To what degree are our ideological positions style choices? To what degree are identities of vegan, straight-edge, hippie, non-violent, pro-choice, anarchist, leftist, tactical mediatition, lifestyle anarchist, squatter, black bloc, Earth First, just a tad bit removed from skater, punk, raver, gangster? Are these really positions or are they a way for us to carve out a personal niche in the activist “scene”?
Why does the “tactical” black bloc outfit look so conveniently like the over-the-top ominous clothes of their kindred, the squatter punk? In the realm of art-activism, to what degree are we simply applying the formula of the music scene’s cool-hunter to the next wave of art-activist paraphernalia?
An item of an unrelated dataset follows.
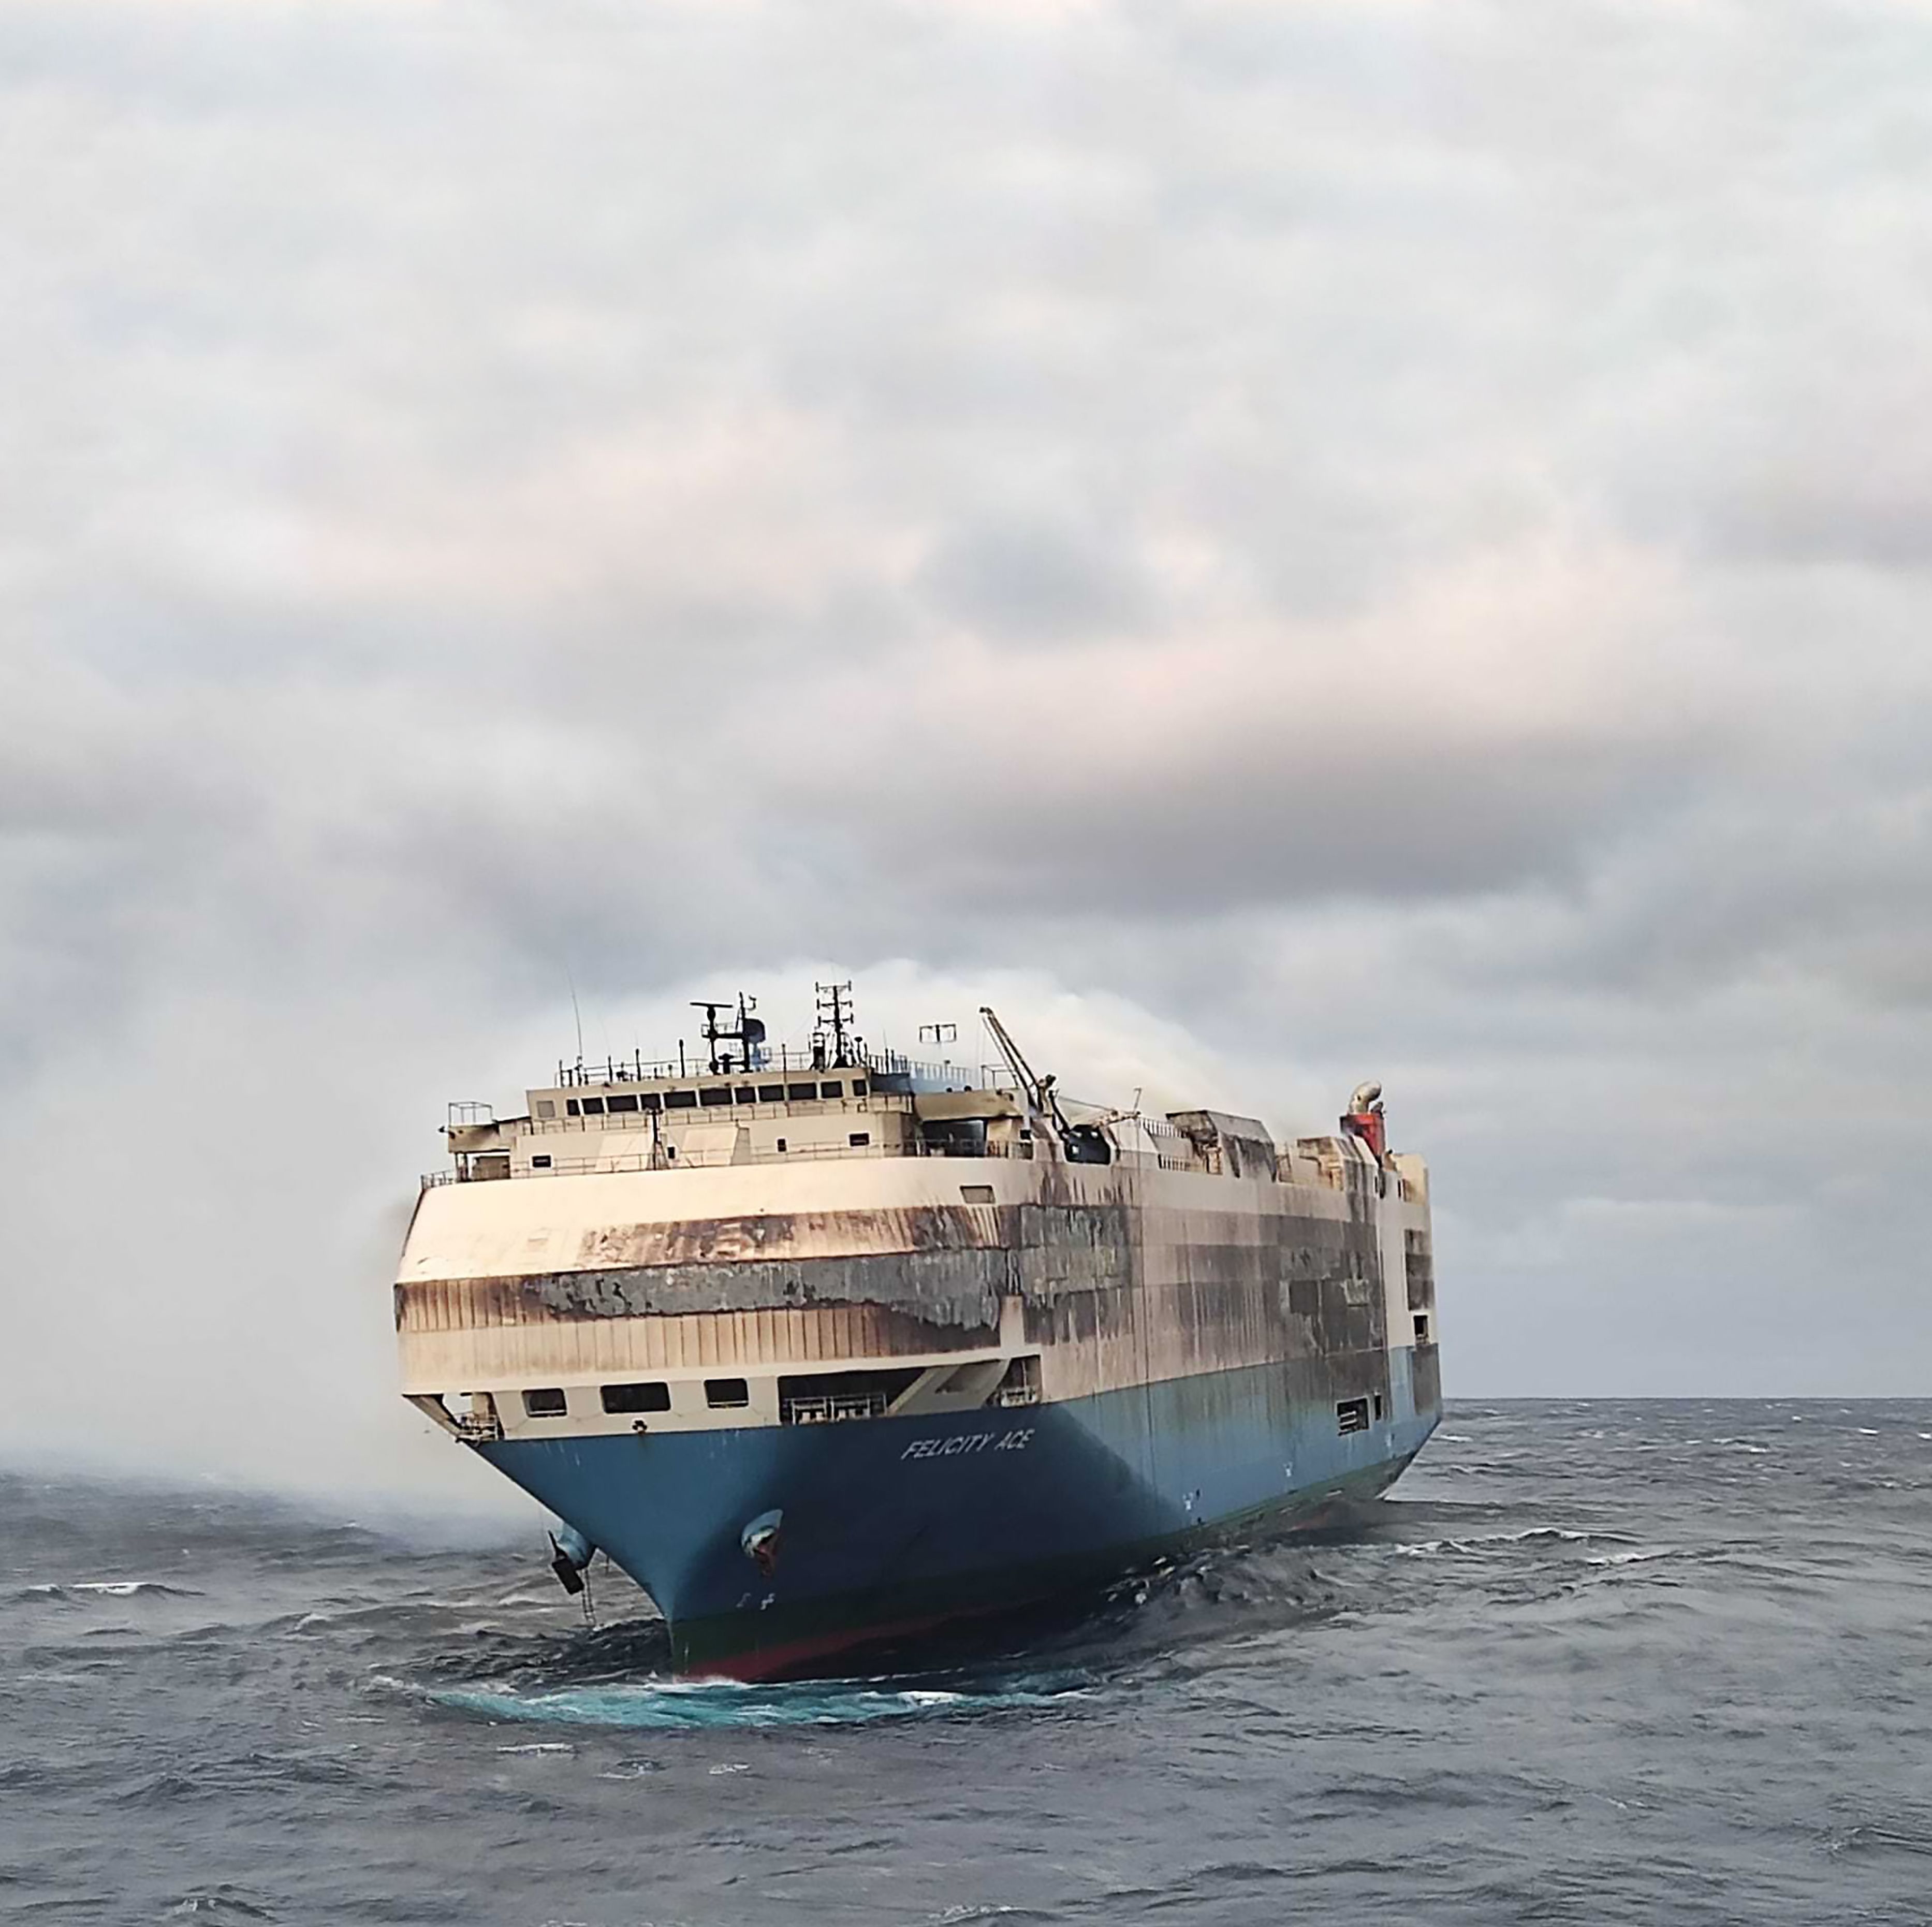 20,000 Vehicles Under the Sea: Inside the Felicity Ace Disaster

Are technological interfaces for protests really useful or are they just a method for providing a new “style” in the realm of protest boredom? Is it really that radical to introduce new forms of “style” to protests? Is the introduction of cultural innovation to protests just our way of finally contributing to the scene of activism in the only way we know how? Finally, to what degree do our “radical” politics replicate the subculture capitalism that we have been brought up on?
I am not attempting to provide answers in this essay. I know that constant conflagration is typically a bad idea in an all-too cynical cultural tide. My ultimate thoughts on this are that at times, pragmatic solutions are not necessarily as chic as we might like them to be. Operating in the radical aesthetic terrain, we must constantly be on the watch for our own predatory capitalist tendencies and the methods by which ideological posturing are only a veneer for new identity culdesacs. How to escape this trap is a little more difficult. In essence, we must consider broad cultural goals and move through the anti-populist tendencies that have made use who we are. We must consider the level of alienation that operates on a grand cultural level and see our actions as tactically positioned within that matrix. Ultimately, we must try to be honest about productive results and not to out-radicalize each other in a dubious quest for recognition on the level of Rancid.
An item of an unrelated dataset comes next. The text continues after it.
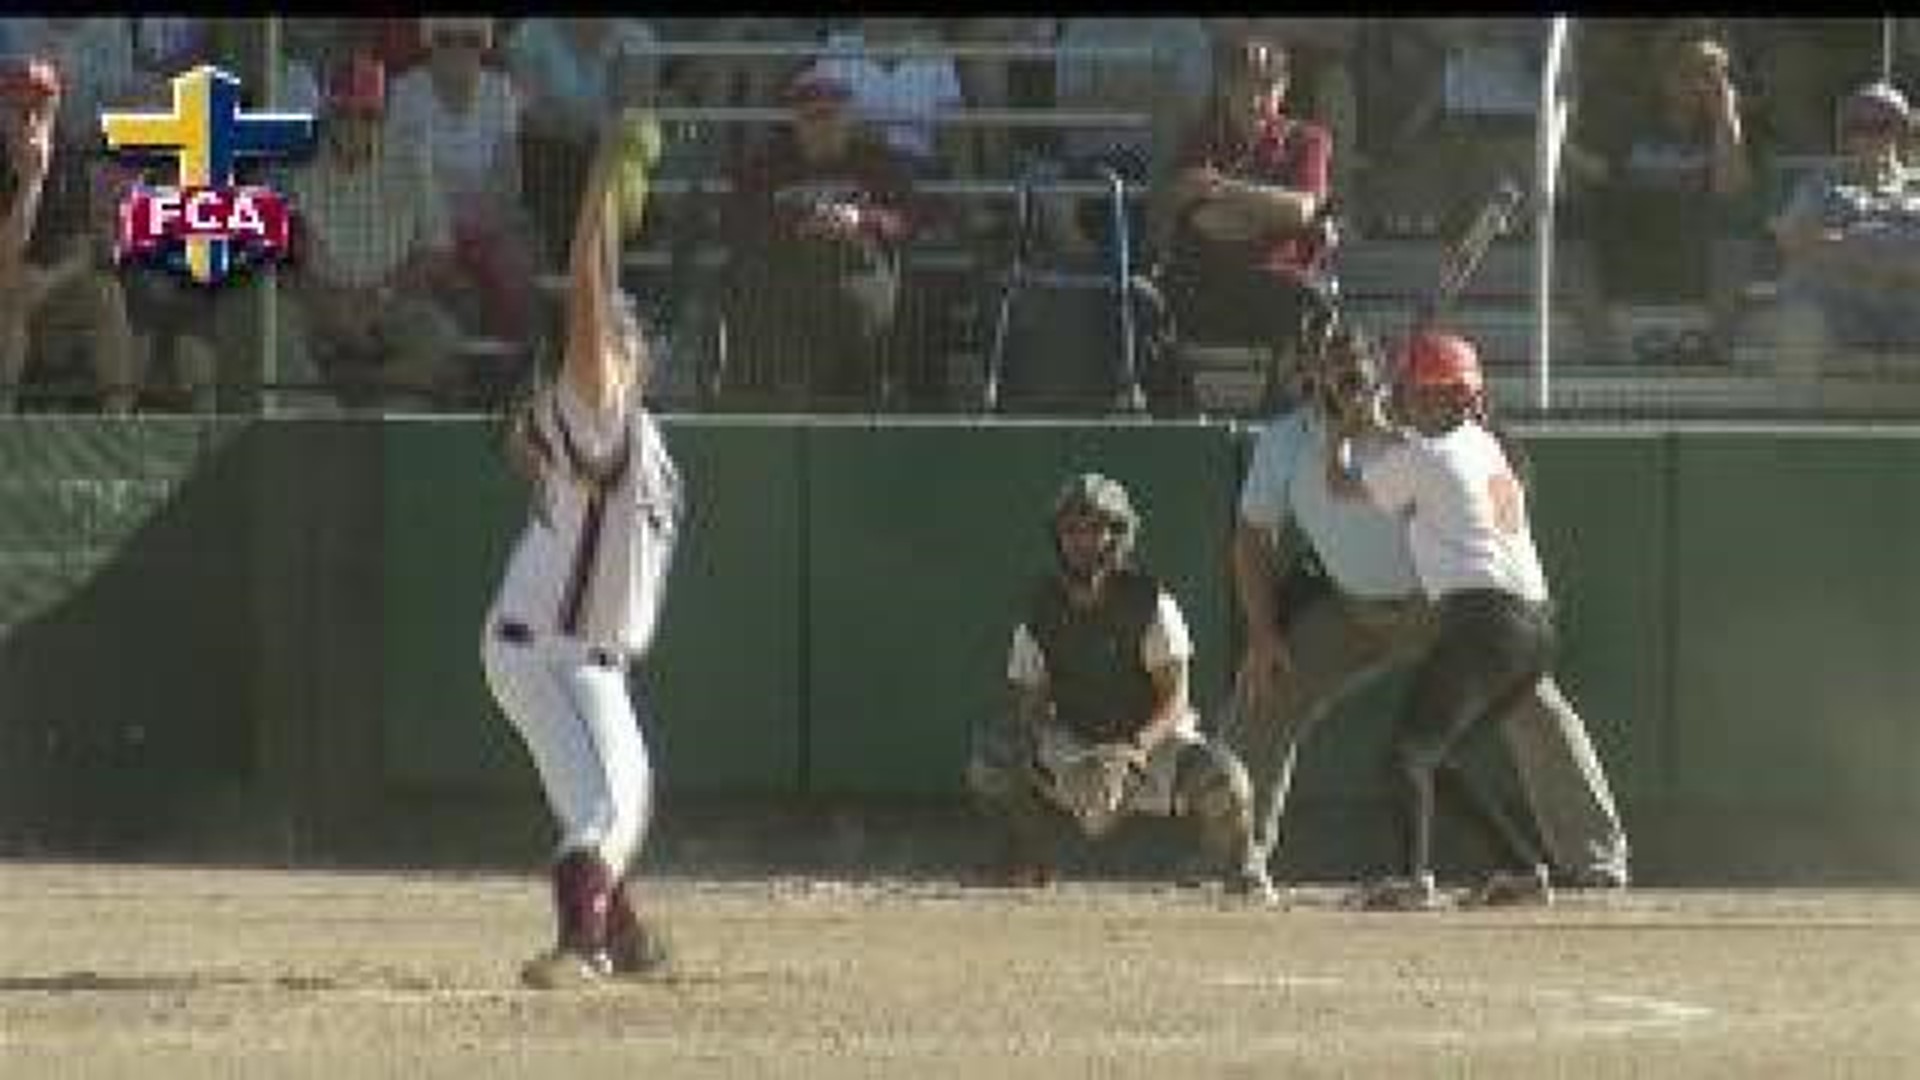 Local teams got 1 for 3 in Sectional softball

1. Dick Hebdige, Subculture: The Meaning of Style (New York: Methuen, 1979) pp. 18.
2. Michael Hardt and Antonio Negri, Empire (Cambridge: Harvard University Press, 2000) pp. 323.
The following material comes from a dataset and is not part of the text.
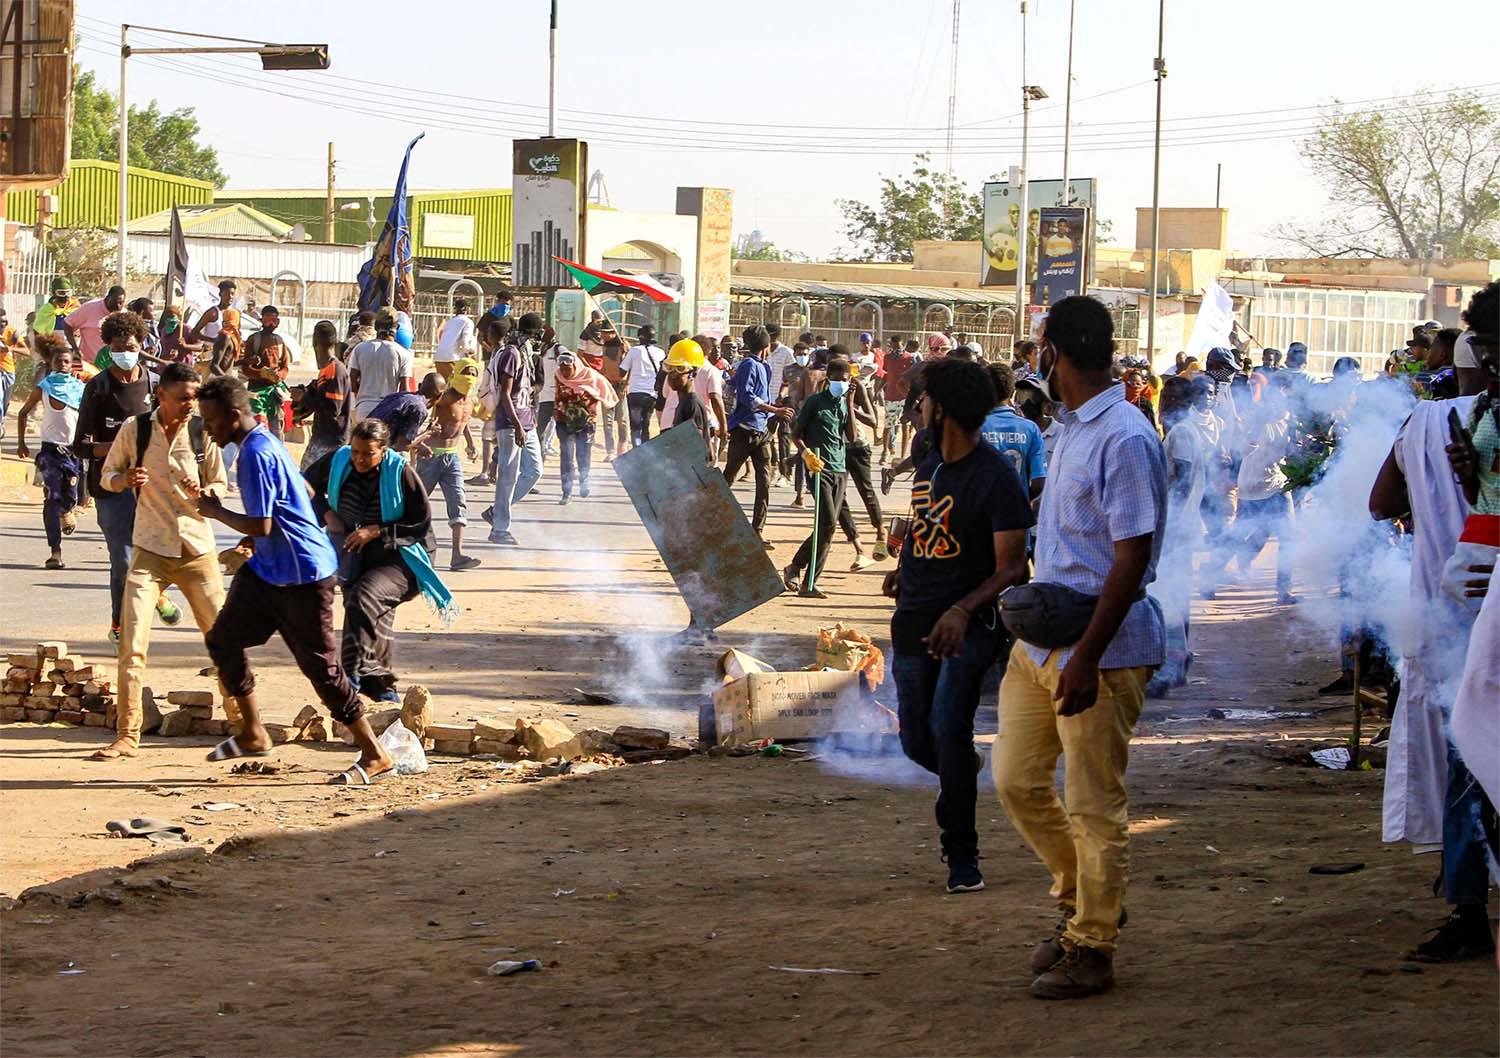 Sudanse security forces fire tear gas on protesters during a protest calling for civilian rule on Nov. 30

3. You might ask, “What about political bands like Fugazi and Dischord records?” Well right, I would never say that there are not ethical bands out there nor that music is a bankrupt media. I just think that Rancid demonstrates the case better. However, these same tendencies exist regardless of the politics of the bands. Our internalized constant cool-hunter does not simply vanish if a bands politics are good.
4. Alexis de Tocqueville , Democracy in America (New York: Harper and Row Publishers), pp. 528.
5. Thomas Frank, What’s the Matter with Kansas? How Conservatives Won the Heart of America (New York: Metropolitan Books, 2004) pp. 245.